Miranda maintains a blog and Twitter account known as BAD NDNS, where she writes about her life, poetry, and essential histories.

==Published work==

===Books===
One of Miranda's major works is Bad Indians: A Tribal Memoir (2013), in which she discusses the multiple time-frames and decades that the Esselen Nation and California Indians have dealt with. Also included in this memoir are Miranda's encounters with her family endeavors and actual news clippings and testimonies to emphasize the hardships felt at this time. Through these archival texts and her own personal testimony Miranda provides a unique exploration of the legacies of Indigenous genocide in California.

In 2017, Miranda was a co-editor of the two-spirit literature collection Sovereign Erotics. She is considered one of many important two-spirit writers working to reclaim buried histories of third genders from colonial erasure.

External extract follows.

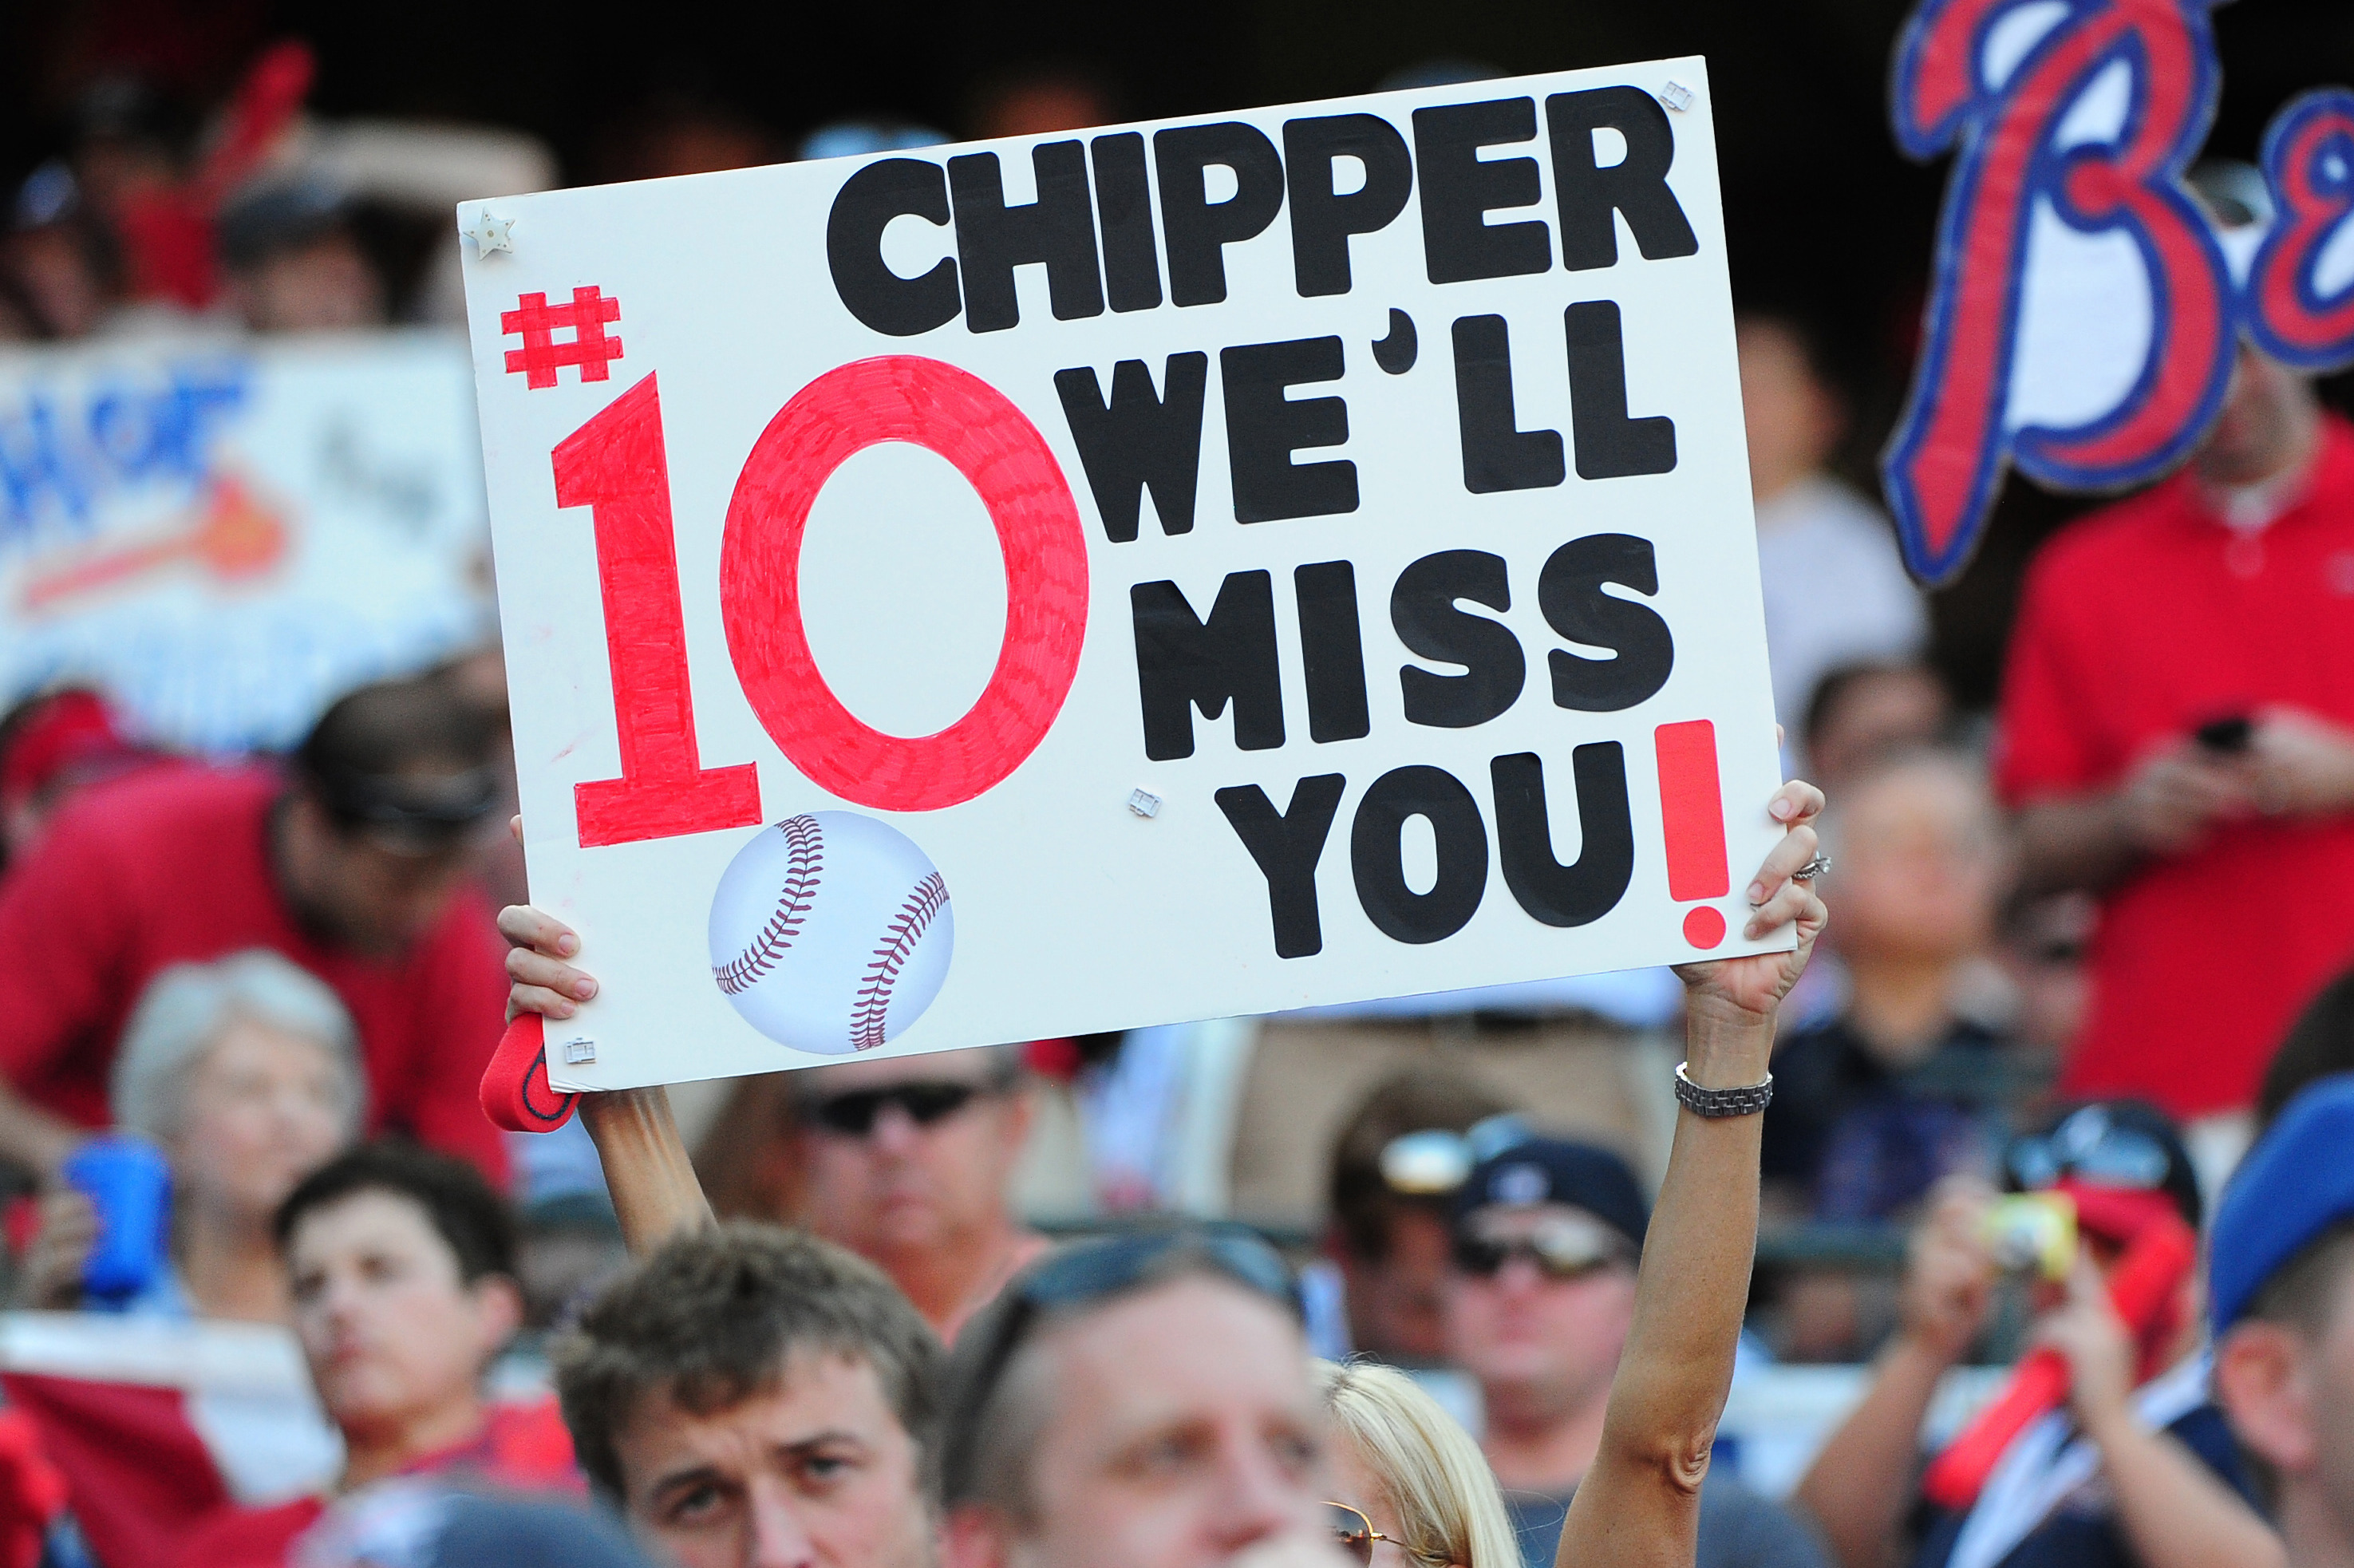 Why Freddie Freeman and Chipper Jones Will Lead the Braves to the Playoffs, News, Scores, Highlights, Stats, and Rumors

Other major books include:

- The Zen of La Llorona, Salt Publishing, 2005.
- Indian Cartography, Greenfield Review Press, 1999, Cover Art by Kathleen Smith (Dry Creek Pomo/Bodega Miwok)
- Altar to Broken Things, BkMk Press 2020.
- Raised By Humans, Tia Chucha Press 2015.

===Poetry and essays===
Miranda's poetry is widely anthologized, and she also writes scholarly articles tackling such issues as racism, colonialism, misogyny, intergenerational trauma, childhood trauma, identity, environmental crises, the political climate, and linguistic barriers. Some examples include:

- "Lunatic or Lover, Madman or Shaman: The Role of the Poet in Contemporary Culture(s)." Stealing Light: A Raven Chronicles Anthology. Raven Chronicle Press. 2018.
- "Tuolumne" in World Literature Today. May 2017.
- "What's Wrong with a Little Fantasy? Storytelling from the (still) Ivory Tower" in American Indian Quarterly, vol. 27, no. 1&2.
- "A String of Textbooks: Artifacts of Composition Pedagogy in Indian Boarding Schools." The Journal of Teaching Writing. Vol. 16.2, Fall 2000.
- "I Don't Speak the Language that has the Sentences: An Interview with Paula Gunn Allen" in Sojourner: The Women's Forum. February 1999, Vol. 24, No. 2.
- "A Strong Woman Pursuing Her God: Linda Hogan's Power" in Sojourner: The Women's Forum. November 2000, Vol. 26, No. 3.

==Personal life==

Miranda is a descendant from what are known as "Mission Indians," Indigenous peoples of many Southern California tribes who were forcibly removed from their land into several Franciscan missions. She is a member of the Ohlone-Costanoan Esselen Nation, an organization that does not have federal recognition. She describes herself as "the daughter of an Ohlone–Costanoan Esselen Nation man with Santa Ynez Chumash tribal ancestry and an English, French, and Jewish woman from Beverly Hills."